Congrats on the new addition!!!


----------



## zahlgren (Feb 4, 2013)

She is a cutie sir! And i love the name, I have a 2 year old niece named Gemma! Congrats!


----------



## ybfm (Feb 4, 2013)

Thanks everyone for the kind comments.  My wife and I couldn't be happier right now!  The strangest thing is being called, "Grandpa" by my son and his wife.  That will take a little getting used to. 
	

	
	
		
		



		
		
	


	





   To comment on a couple of your posts.......yes, we've already spent a fortune on her and see no end in sight.......and YES....I'm already wrapped around her little finger.....heh. 

Thanks again everyone!

Rich


----------



## bruno994 (Feb 4, 2013)

Congrats!


----------



## bhawkins (Feb 4, 2013)

She is beautiful!!


----------



## venture (Feb 4, 2013)

Congrats!

Isn't amazing how early in life that can happen to you?

Good luck and good smoking.


----------



## cecil (Feb 4, 2013)

Congrats YBFM. I know the feeling. My daughter delivered our first grand daughter on Nov. 9th,2012.

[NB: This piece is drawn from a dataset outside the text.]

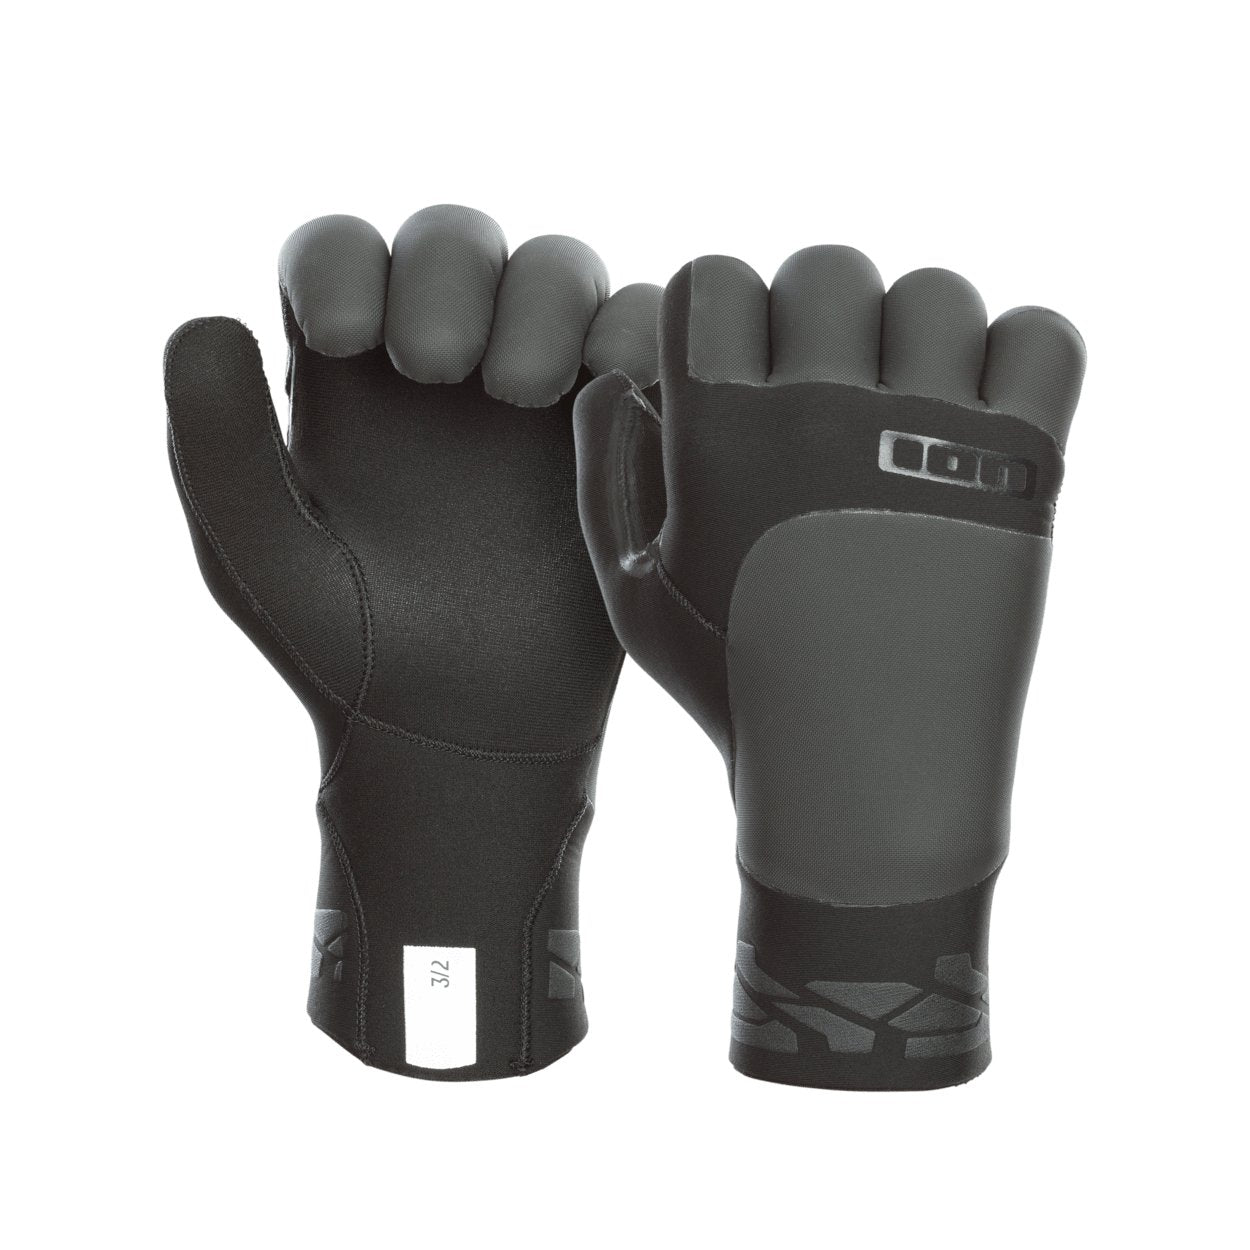 ION Claw Gloves 3/2 2022 - Worthing Watersports - 9008415883066 - Neo Accessories - ION Water

What a great blessing and what a great feeling to be a grandfather.


----------



## zahlgren (Feb 5, 2013)

On your comment about getting used to being called grandpa, I have a buddy who's dad always used to say "the weirdest thing about being a grandpa is getting used to going to bed with a grandma"  Lol, I always thought that was funny


----------



## ybfm (Feb 6, 2013)

zahlgren said:


> On your comment about getting used to being called grandpa, I have a buddy who's dad always used to say "the weirdest thing about being a grandpa is getting used to going to bed with a grandma"  Lol, I always thought that was funny


Now that's funny!!!!!


----------